- Однако вы нашли здесь Агнесу.
- Я нашел… - нерадостно согласился Санин.
- Почему так несчастно?
- А… - Санин махнул рукой. Потом остановился на узкой тропке, повернулся лицом к Грибанову и строго спросил: - Вы бы женились на женщине, у которой есть ребенок?
- У Агнесы - ребенок? - Грибанов полез за папиросами, хотя курить натощак было не в его правилах.
- Хуже.
Санин повернулся и продолжал путь. Возле столовой, обшитой посиневшими досками, уже была расчищена площадка. Мужчины пошли рядом. Санин сказал:
- У нее больная мать. Какая-то форма психического расстройства. Если не путаю, шизоидная психопатия… В годы войны она была где-то в Эстонии, в подполье. Ее пытали немцы.
- Сколько ей лет?
- Трудно сказать. По внешнему виду все семьдесят. На самом же деле гораздо меньше. В период оккупации она была молодой девушкой.
- Как ее зовут?
- Вали Карловна.
- Санин! - Грибанов остановился, положил руку ему на плечо. - Сделайте для меня одолжение. Разыщите Агнесу и скажите, что мне обязательно нужно увидеться с ее матерью.
- Это вы зря, - рассудительно ответил Санин. - Может, никакого подполья не было. А старуха все по глупости придумала…

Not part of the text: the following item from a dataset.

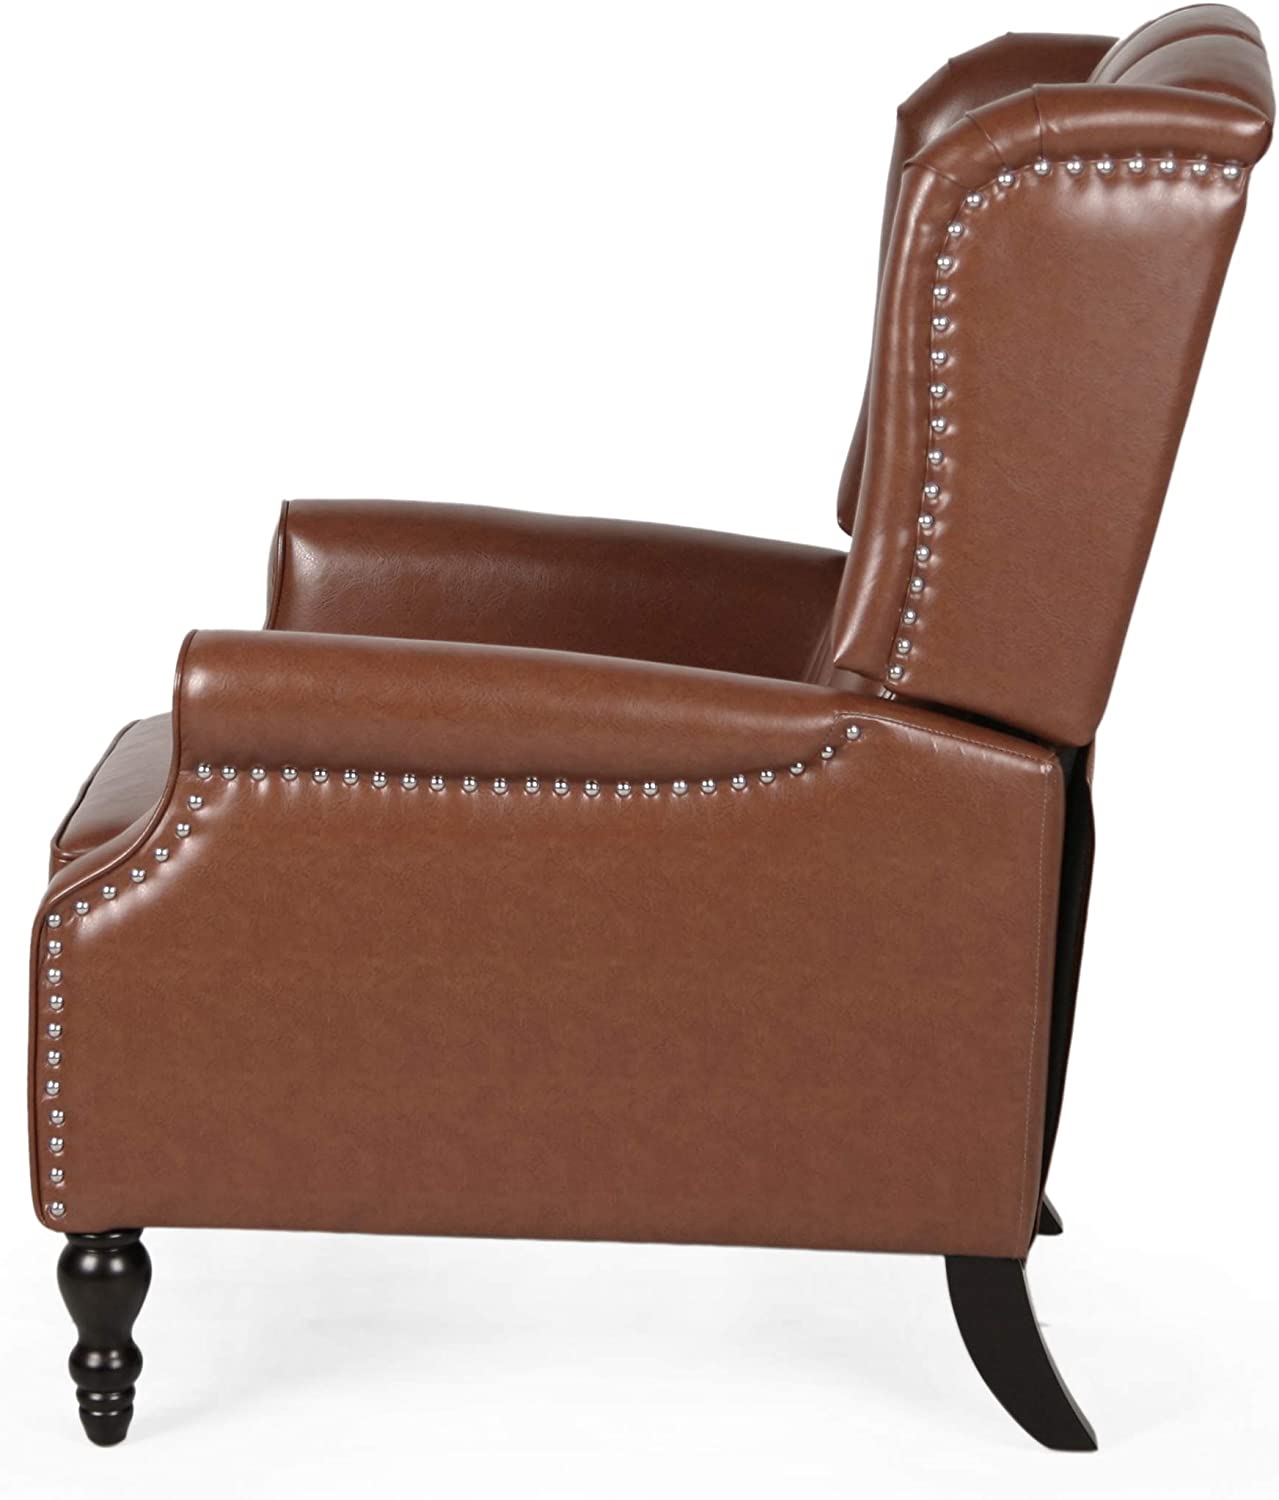 Contemporary Wide Tufted Recyliner Wooden Chair , Cognac Brown, Dark Brown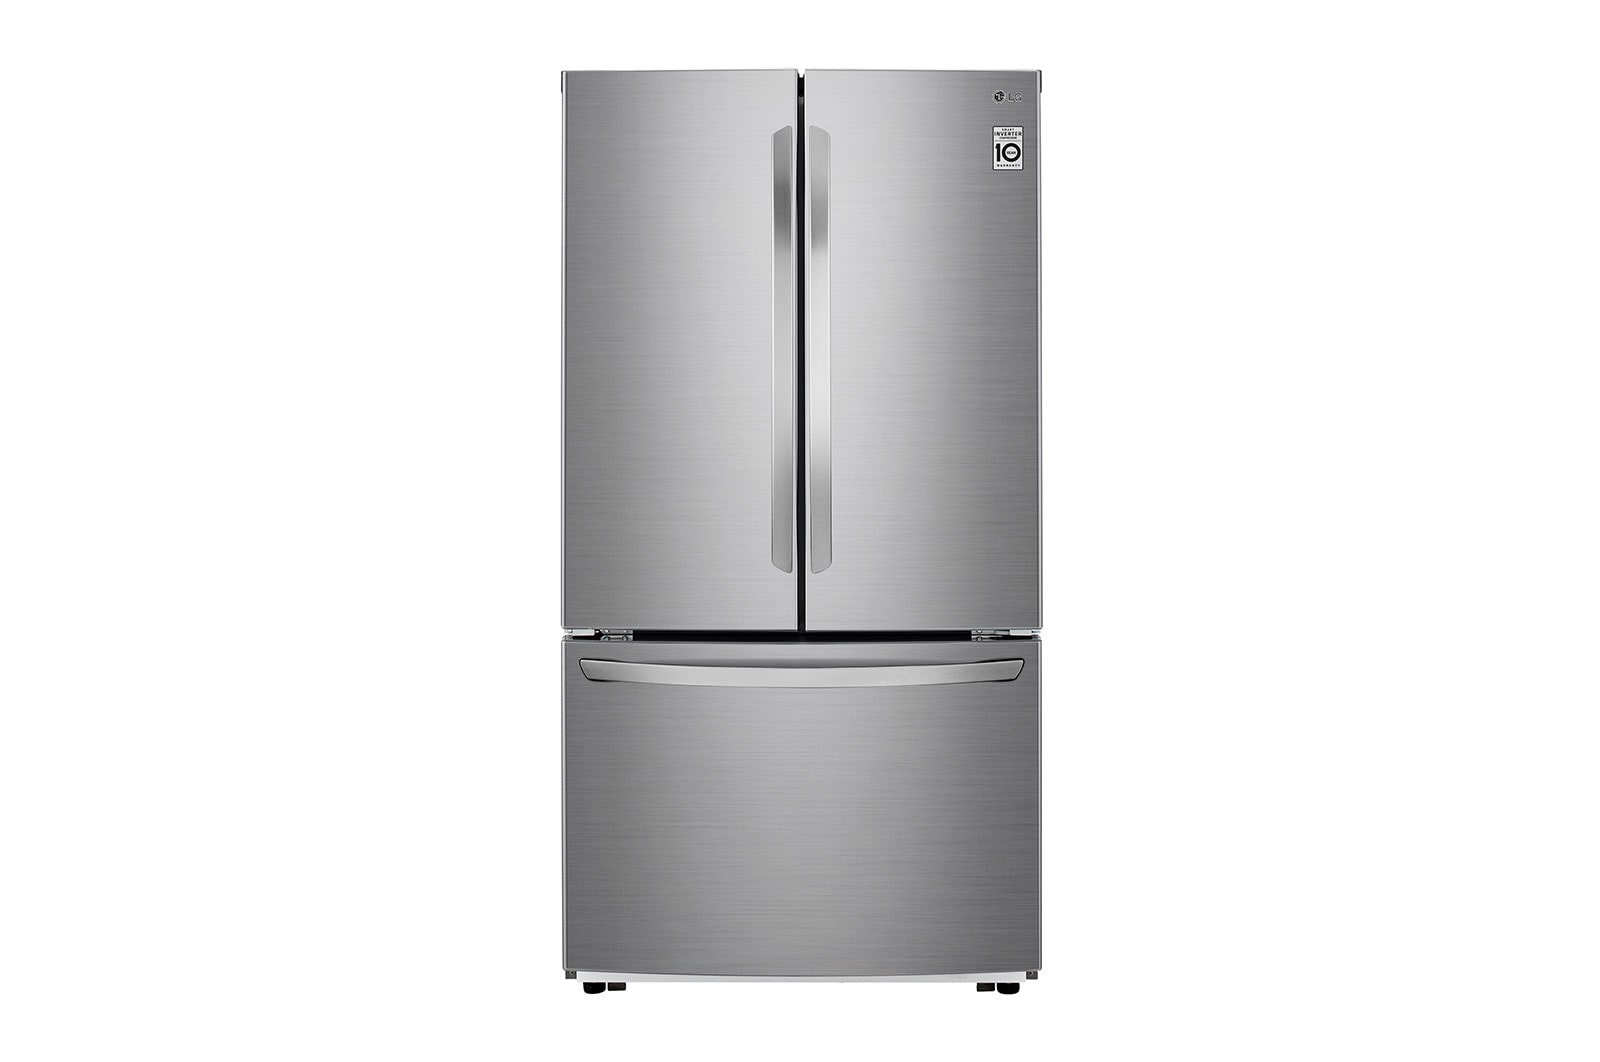 LG Refrigerador French Door 29 pies³ INVERTER, GM29BIP

Грибанов повторил свою просьбу.
Железная дорога на высокой, из желтого песка насыпи плелась вдоль главной, в общем-то единственной улицы города; словно островки в океане, были разбросаны домики барачного типа, и только возле самой станции скопились дома покрупнее, в несколько этажей. В одном из таких домов размещался продовольственный магазин. В горсовете Грибанову сказали, что здесь работают три девочки, две из них очень миловидные, чьи фотографии вполне могут порадовать сердце молодого читателя. Судя по вывеске, обеденный перерыв кончился минут двадцать назад, но двери сторожил крупный замок. А местные жители, с терпением завзятых рыболовов выстаивавшие возле магазина, объяснили незадачливому москвичу, что здесь так принято, продавщицы вовремя никогда не возвращаются с перерыва.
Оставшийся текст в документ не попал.